ORGHANON, Retrospectre
Ho già scritto che sto dalla parte di Sergio Calzoni. Del resto seguo il suo lavoro da 13-14 anni, ed è una cosa che suona strana, perché viviamo un’epoca in cui è quasi meccanico appassionarsi a un nome nuovo ogni tot mesi, dimenticando quello vecchio. Vedo i miei gusti cambiare, i gruppi sparire, la mia vita incasinarsi e disincasinarsi ciclicamente, eppure lui resiste, è una preferenza che non se ne va: ottimo scultore di suoni, discreto, attento alla qualità e poco incline a seguire le mode.
In passato avevo provato a spiegare ciò che faceva paragonandolo ad Alan Wilder, questa volta però non ascolto quella sorta di trip hop scuro che lo accomuna all’ex Depeche Mode, ma un album non ritmico e più disteso, sempre profondo grazie alle basse frequenze e sempre dettagliato. In Retrospectre, come intuibile, mette in musica la memoria, nello specifico quella della sua infanzia, trovandosi dunque (finalmente) su di un terreno molto calpestato di questi tempi, tanto che non mi sorprende che al mastering ci sia Taylor Deupree. Ad arricchire questi paesaggi sonori interiori ci sono interventi di terzi: arpa, violino, viola, violoncello, clarinetto e sassofono. La presenza – molto calibrata – di ciascuno di questi strumenti amplifica il sentimento di malinconia man mano che il tempo passa e rivela una mano quasi da compositore di colonne sonore cinematografiche: toccante l’incontro tra arpa e archi in “Dissolve”, triste oltre ogni possibile immaginazione il clarinetto di Josh Plotner in “Retrospectre II”.

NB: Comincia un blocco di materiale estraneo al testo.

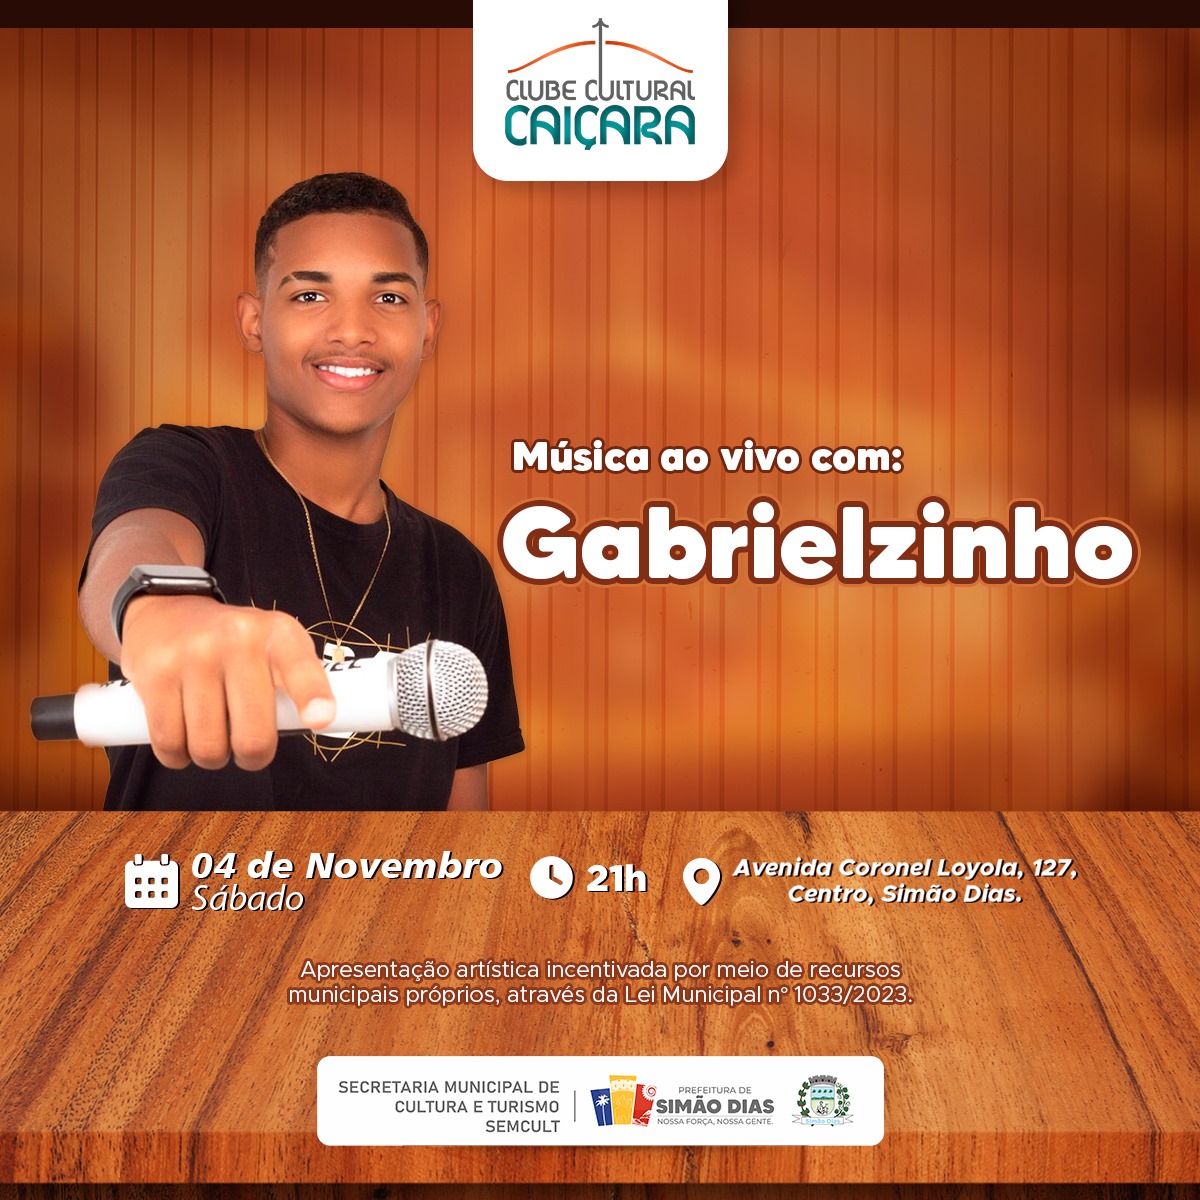 Simão Dias: Gabrielzinho anima o Clube Caiçara no final de semana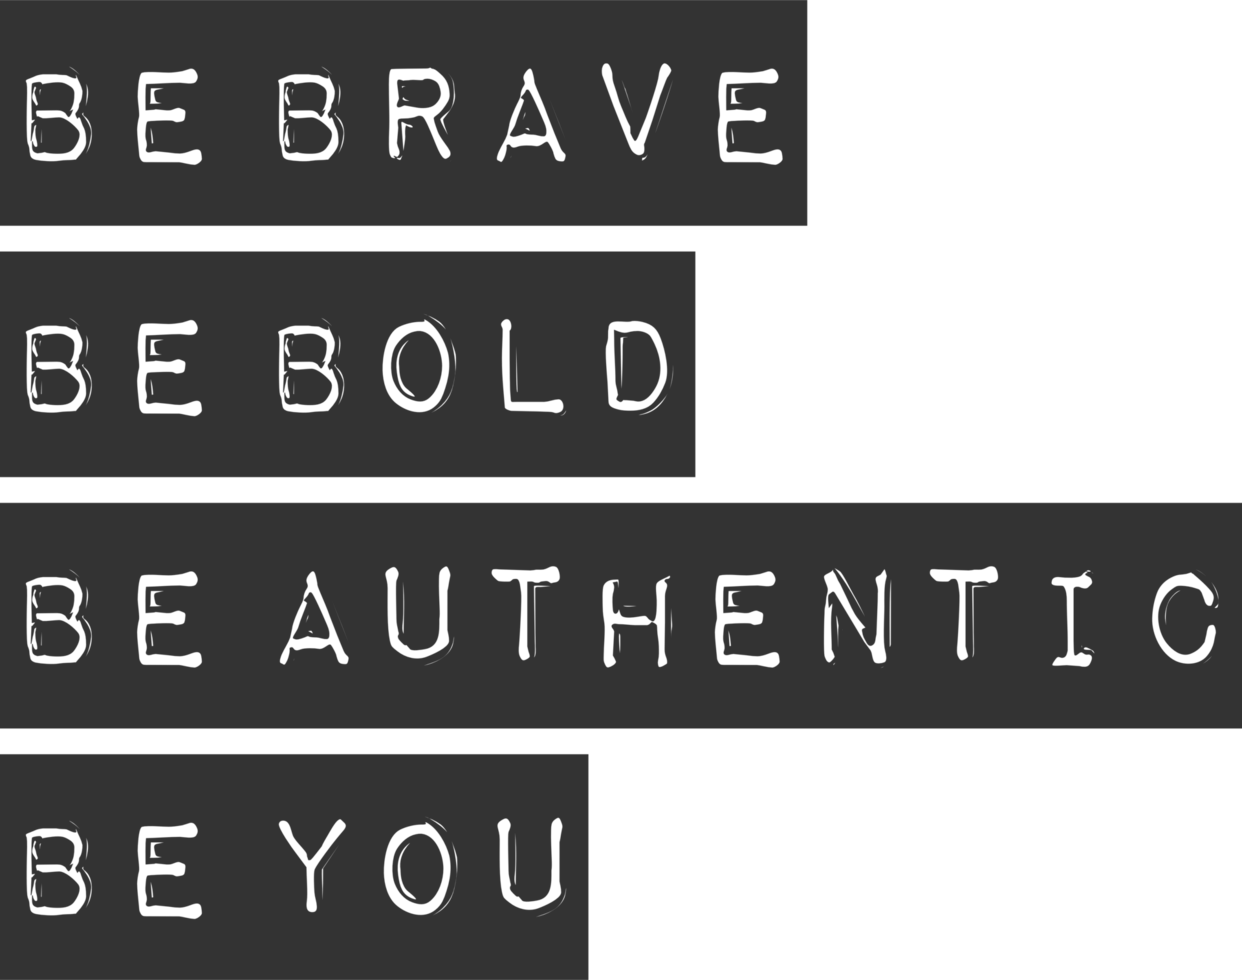 essere coraggioso, essere grassetto, essere autentico, essere voi, motivazionale tipografia citazione design. png

In questi anni il ricordo è stato rappresentato con suoni che si sfaldano o che arrivano da lontano, Calzoni invece ha trovato una via più composta e in un certo classicheggiante. Per questo forse Retrospectre non sarà uno snodo fondamentale, ma di sicuro è un buon disco e l’ennesima conferma della bravura di Sergio.